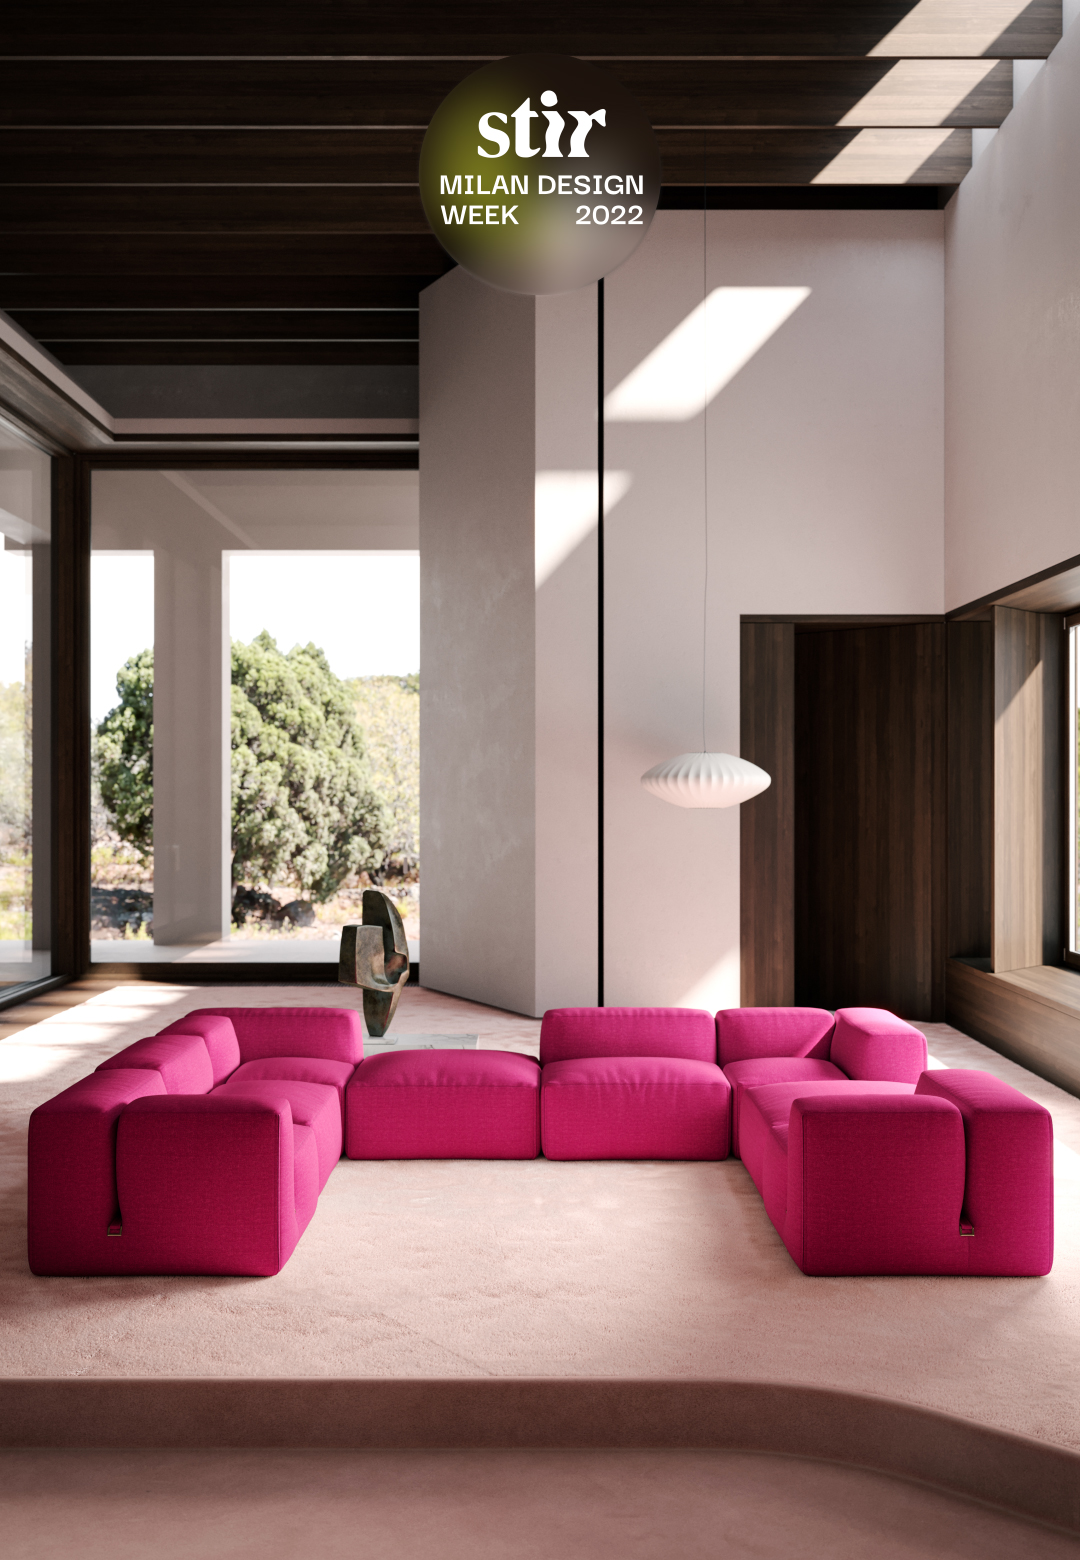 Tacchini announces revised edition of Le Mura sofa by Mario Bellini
________
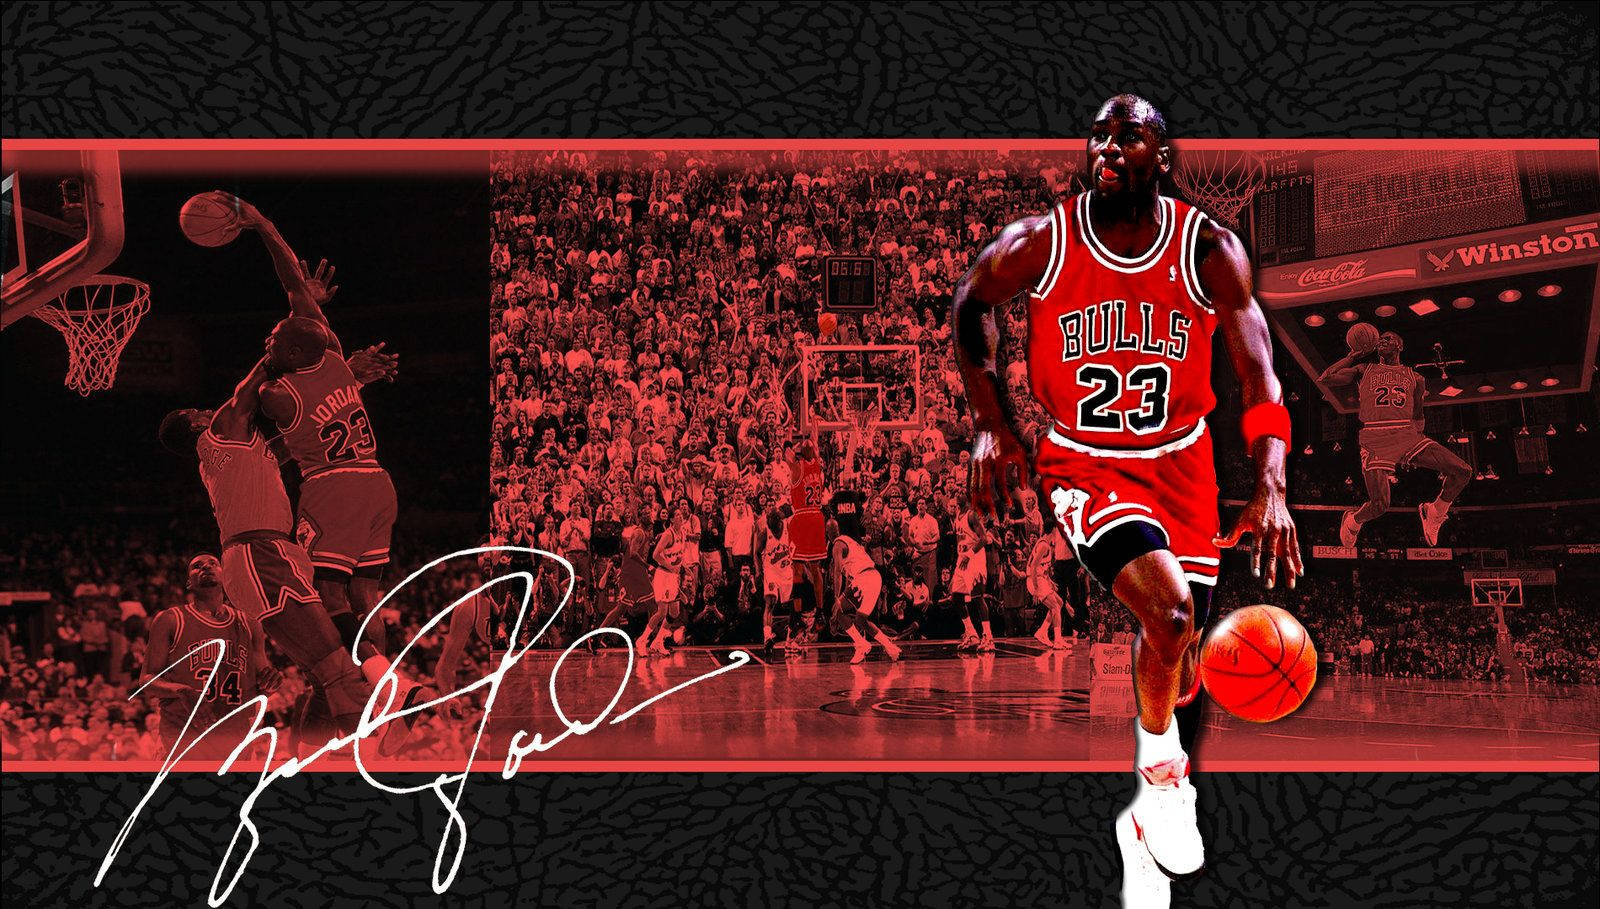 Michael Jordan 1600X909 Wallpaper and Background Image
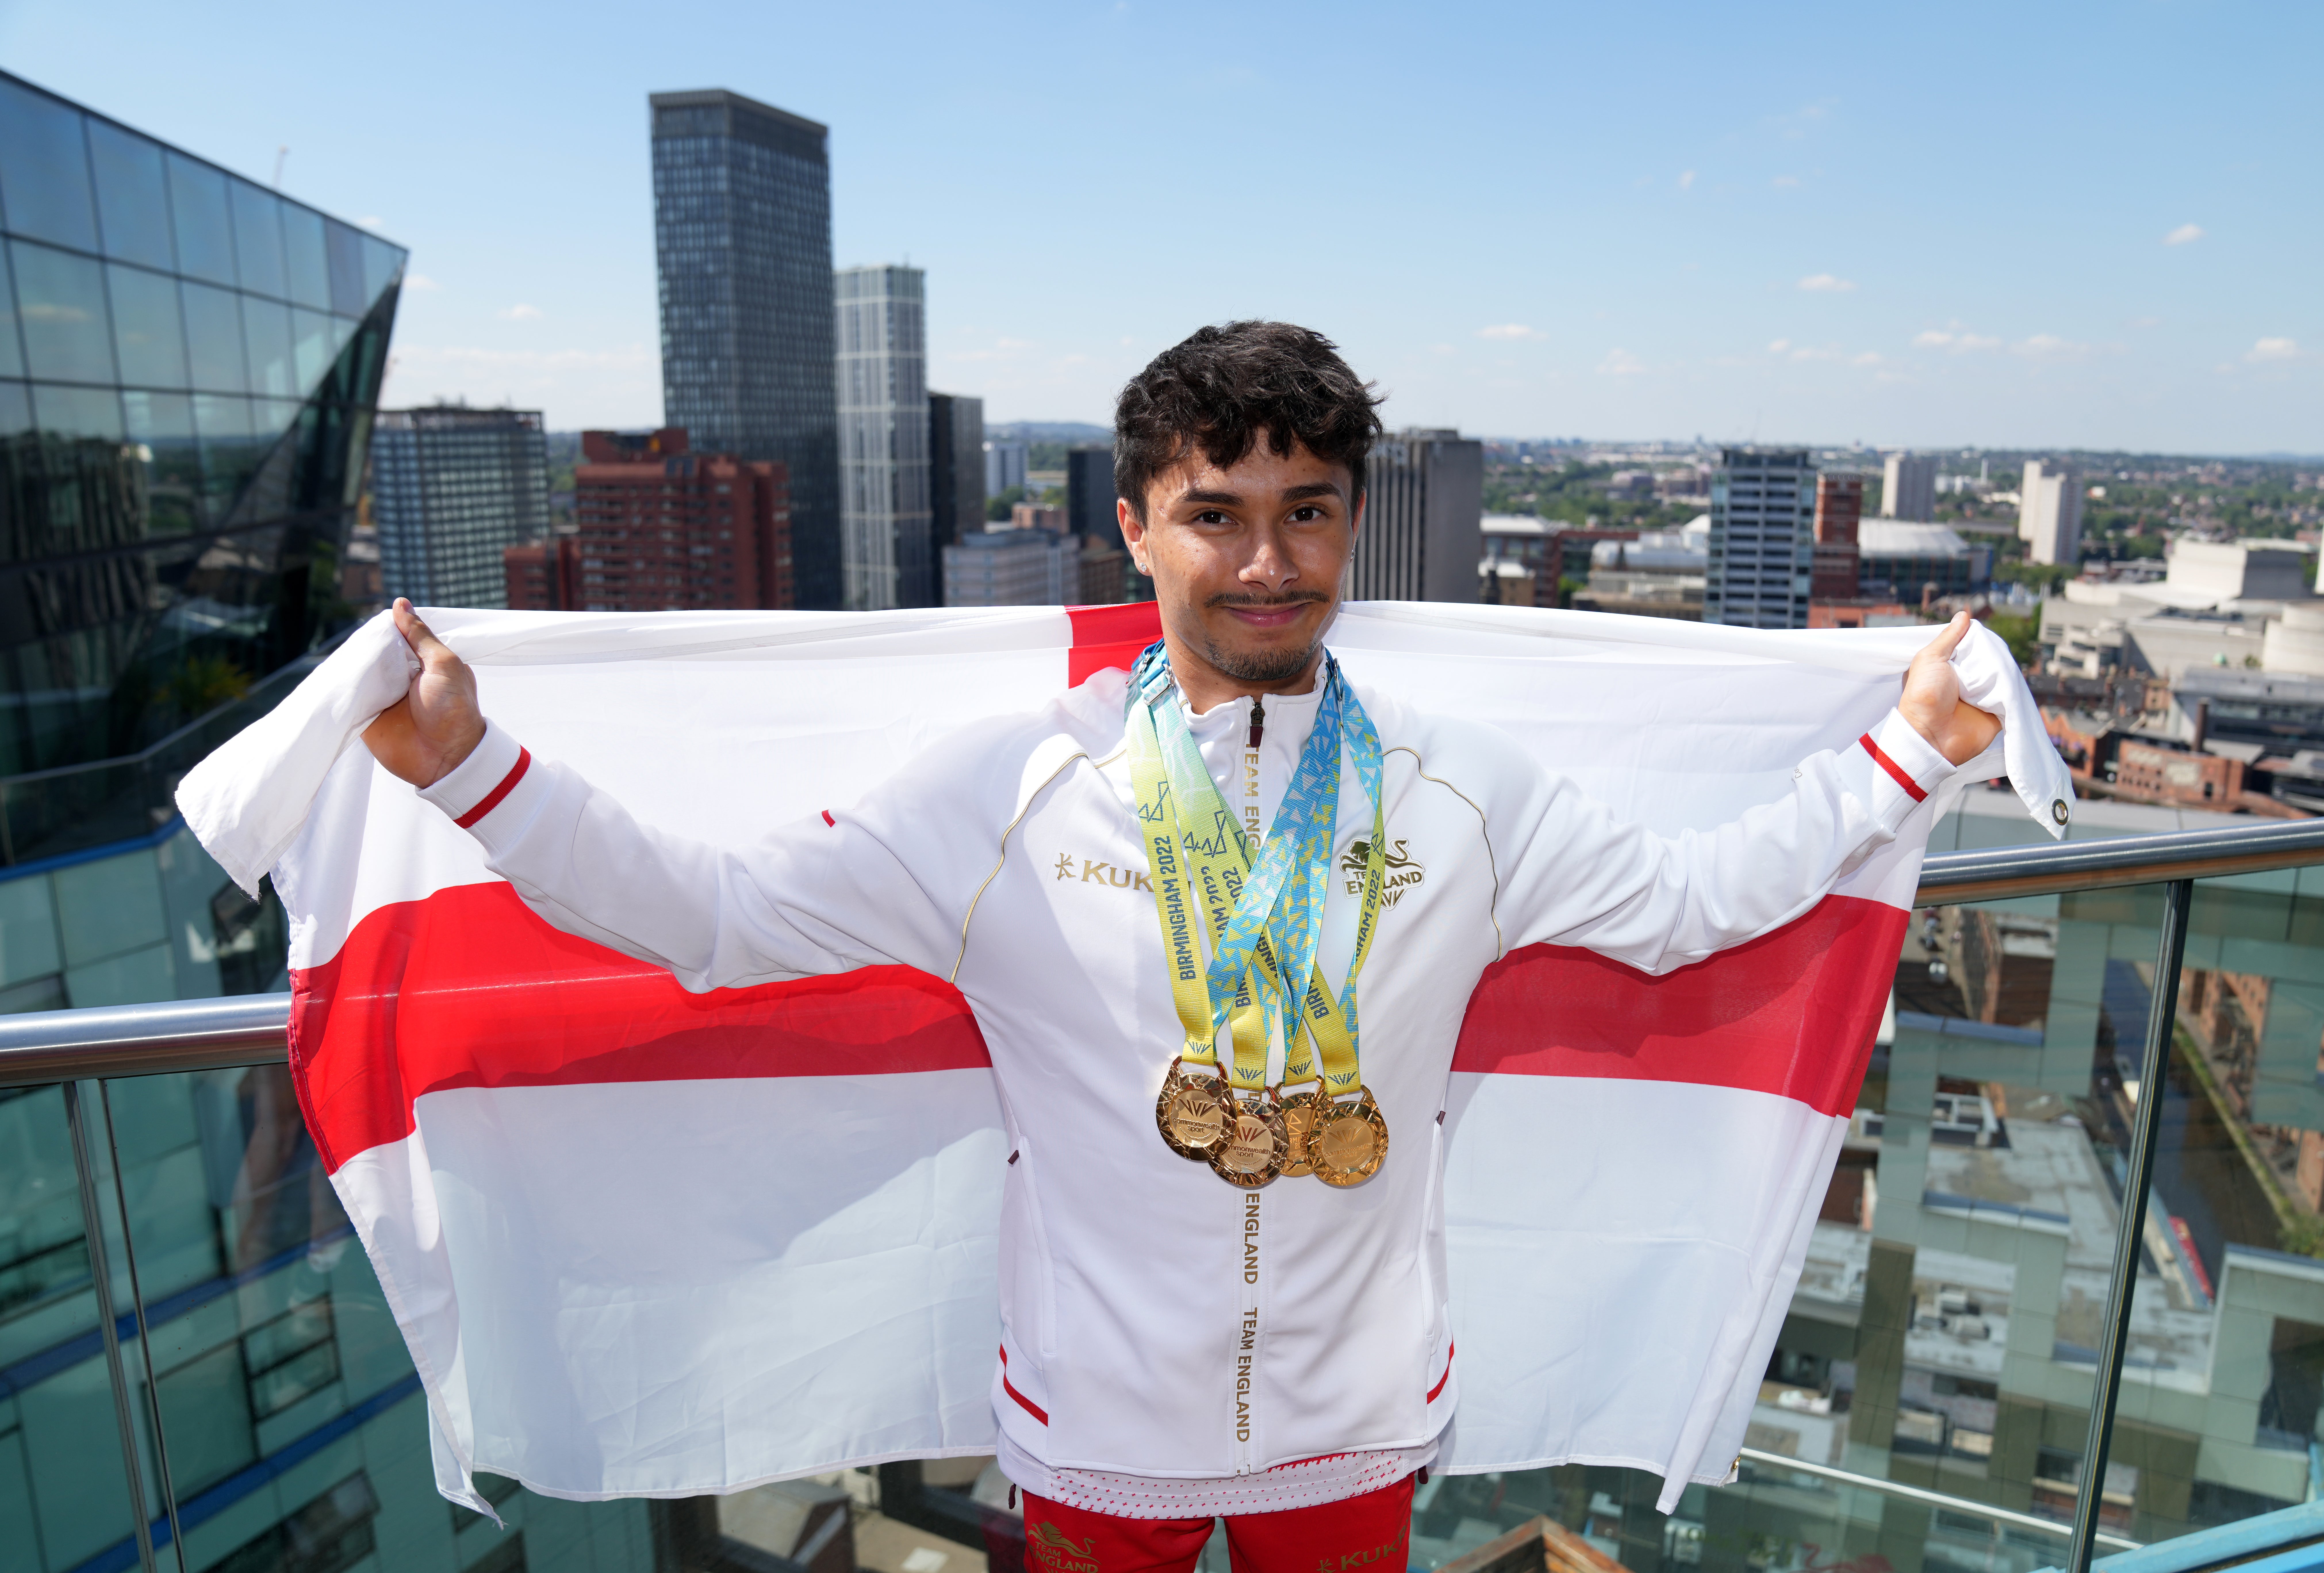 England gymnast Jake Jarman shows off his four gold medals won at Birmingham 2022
________
## Requirement
Would you copy the lines above exactly, starting with the one that has "Michael Jordan 1600X909" and ending with the one that has "England gymnast Jake", both included, without the pictures?

## Answer below
 Michael Jordan 1600X909 Wallpaper and Background Image
 England gymnast Jake Jarman shows off his four gold medals won at Birmingham 2022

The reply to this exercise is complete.